- Court: High Court of Australia
- Full case name: Plaintiff S157 /2002 v Commonwealth of Australia
- Decided: 4 February 2003
- Citations: [2003] HCA 2, (2003) 211 CLR 476

Court membership
- Judges sitting: Gleeson CJ, Gaudron, McHugh, Gummow, Kirby, Hayne and Callinan JJ

Case opinions
- (7:0) The privative clauses were valid, but did not affect the availability of constitutional writs (per Gaudron, McHugh, Gummow, Kirby and Hayne, Gleeson CJ and Callinan J concurring)

= Plaintiff S157/2002 v Commonwealth =

2003 Australian High Court case

Plaintiff S157/2002 v Commonwealth, also known as 'S157', is a decision of the High Court of Australia.

It is an important case in Australian Administrative Law, in particular for its holdings about Parliament's inability to restrict the availability of constitutional writs.

As of September 2020, 'S157' is the 12th most cited case of the High Court.

== Background ==
The plaintiff, wished to challenge a decision of the Refugee Review Tribunal denying him a protection visa. Two sections of the Migration Act 1958 (Cth) denied him the right to appeal the decision. The plaintiff applied to the High Court, arguing that the relevant sections did not apply to applications for relief under s75(v) of the Constitution. s474 purported to make certain decisions ("privative clause decisions") final and unreviewable, stating that such decisions are "not subject to prohibition, mandamus, injunction, declaration or certiorari in any court on any account". S486A placed time limits on applications to the High Court in respect of these decisions.

The plaintiff argued that s474 was directly inconsistent with s75(v) and therefore invalid.

The privative clause was based on that considered in R v Hickman, with Philip Ruddock, the Minister for Immigration, stating:
Members may be aware that the effect of a privative clause such as that used in Hickman's case is to expand the legal validity of the acts done and the decisions made by decision-makers.
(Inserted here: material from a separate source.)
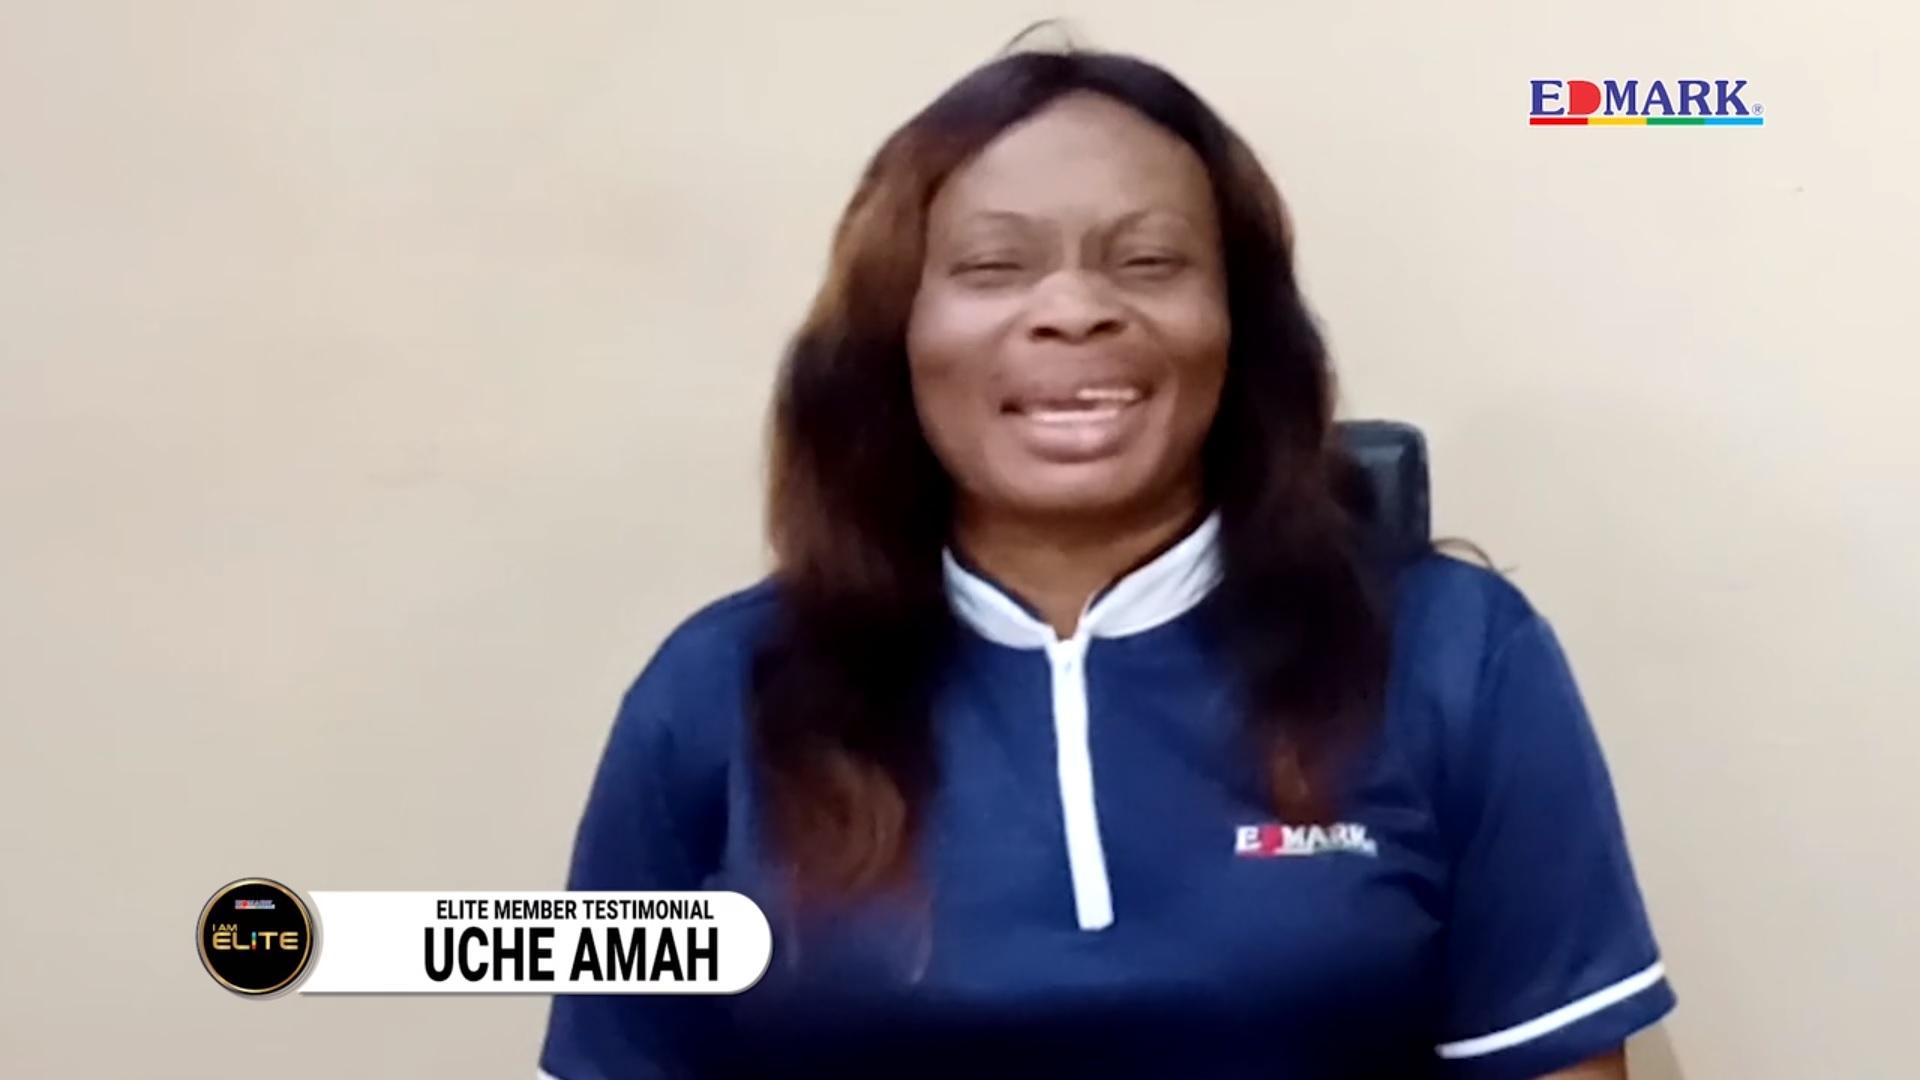 Elite Testimonial – DCM Uche Amah

The result is to give decision makers wider lawful operation for their decisions, and this means that the grounds on which those decisions can be challenged in the Federal and High Courts are narrower than currently.

== Decision ==

The Hickman principle was, the majority held, simply a rule of construction allowing apparently incompatible statutory provisions to be reconciled.

Two rules of construction relating to privative clauses were held to exist:
1. "if there is an opposition between the Constitution and any such provision, it should be resolved by adopting [an] interpretation [consistent with the Constitution if] that is fairly open." (per Hickman); and
2. Privative clauses are construed strictly.
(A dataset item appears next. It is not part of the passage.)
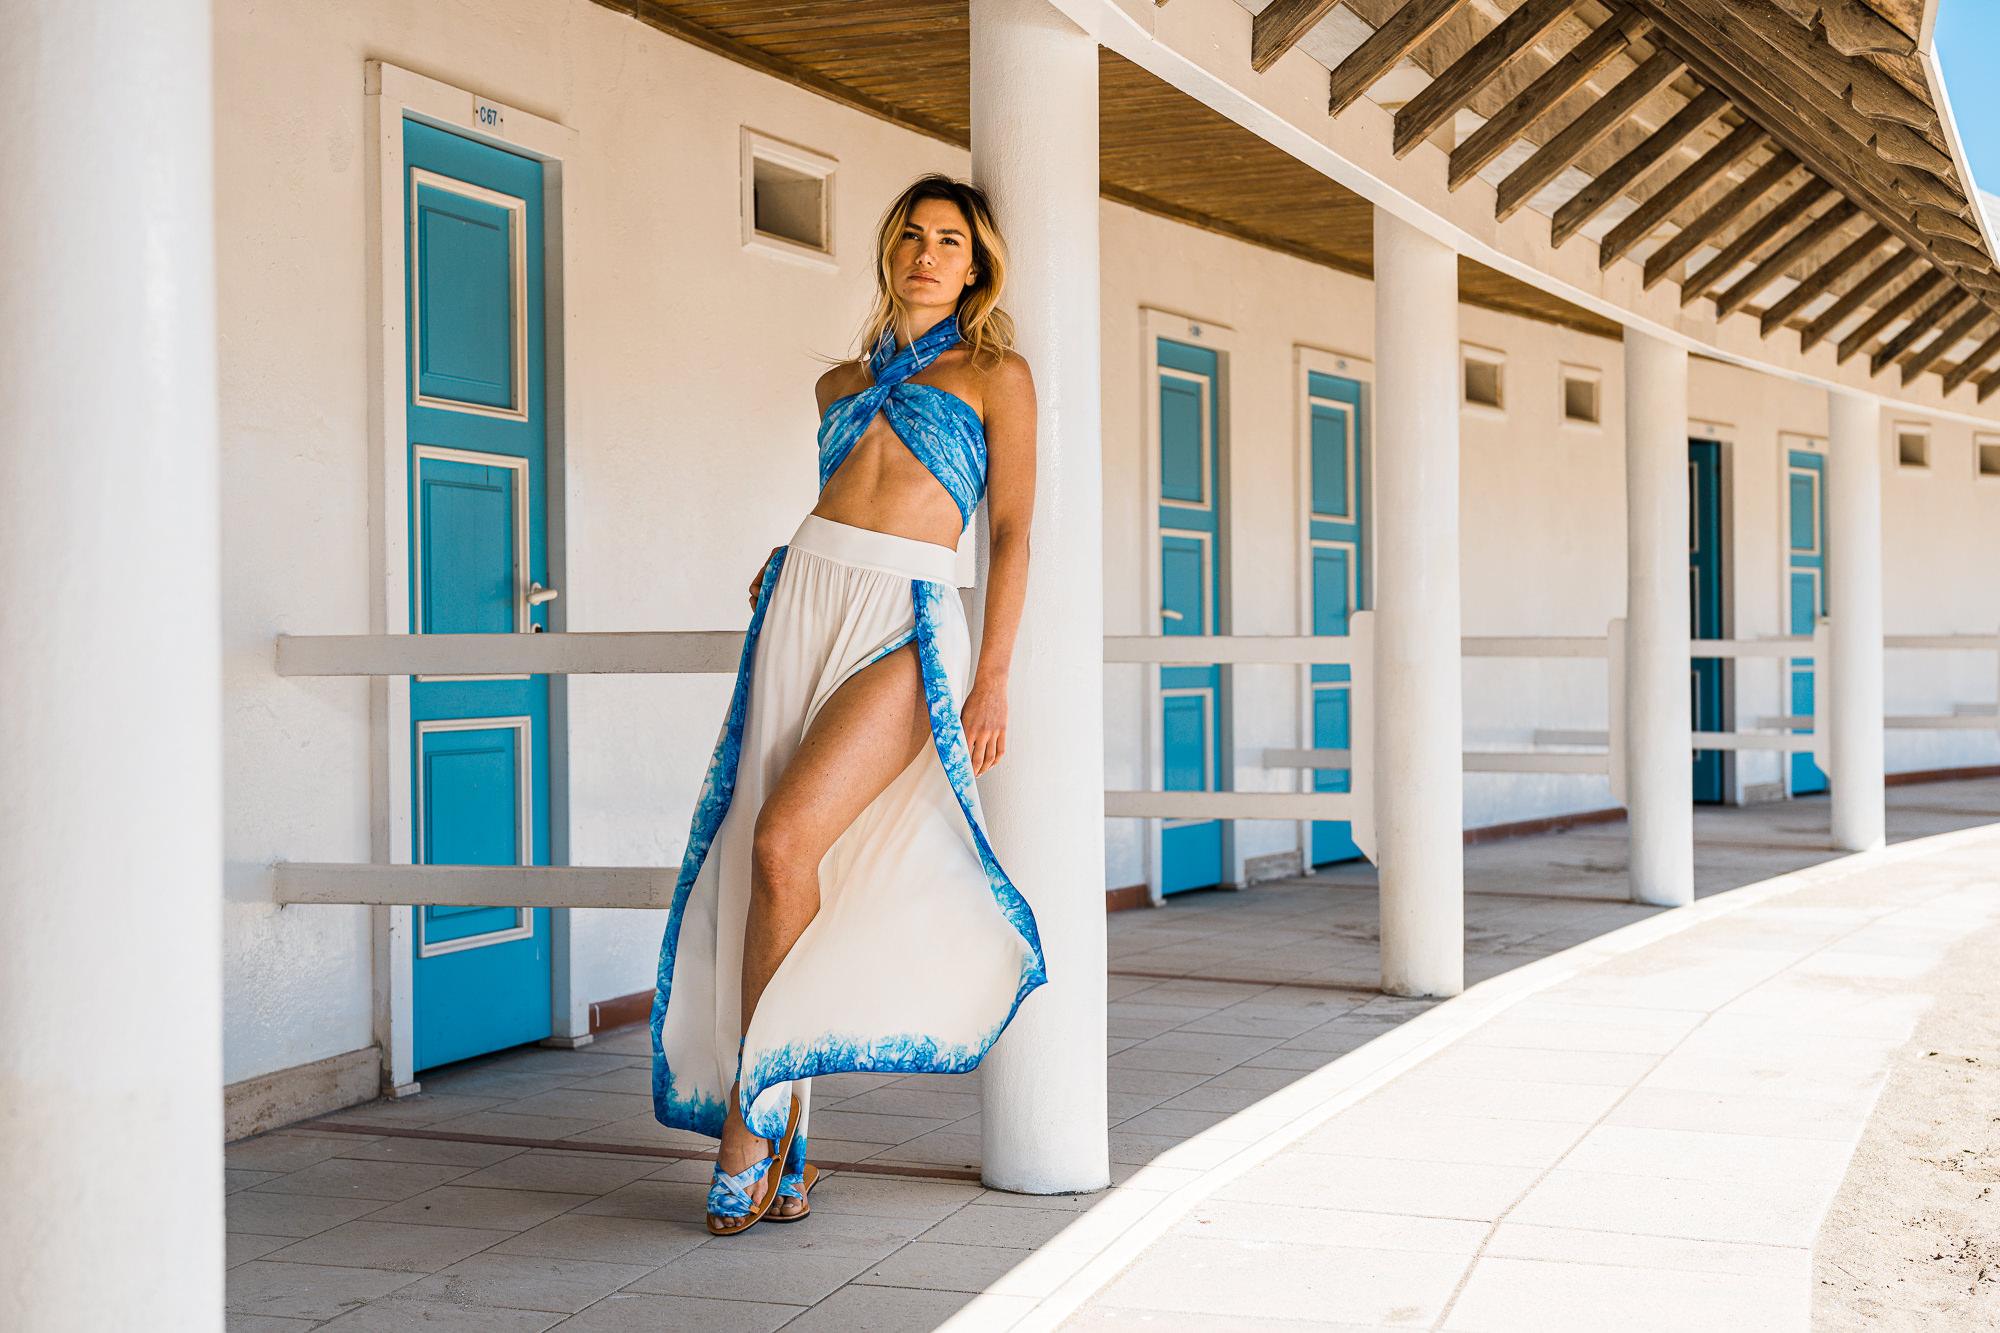 Roberta Baiardi - gonna pantalone

Applying these principles led to the conclusion that although the two sections were valid, they did not apply to the plaintiff's action in the High Court because the section did not extend to decisions affected by jurisdictional error. Gaudron, McHugh, Gummow, Kirby and Hayne JJ said:
104. The reservation to this Court by the Constitution of the jurisdiction in all matters in which the named constitutional writs or an injunction are sought against an officer of the Commonwealth is a means of assuring to all people affected that officers of the Commonwealth obey the law and neither exceed nor neglect any jurisdiction which the law confers on them. The centrality, and protective purpose, of the jurisdiction of this Court in that regard places significant barriers in the way of legislative attempts (by privative clauses or otherwise) to impair judicial review of administrative action.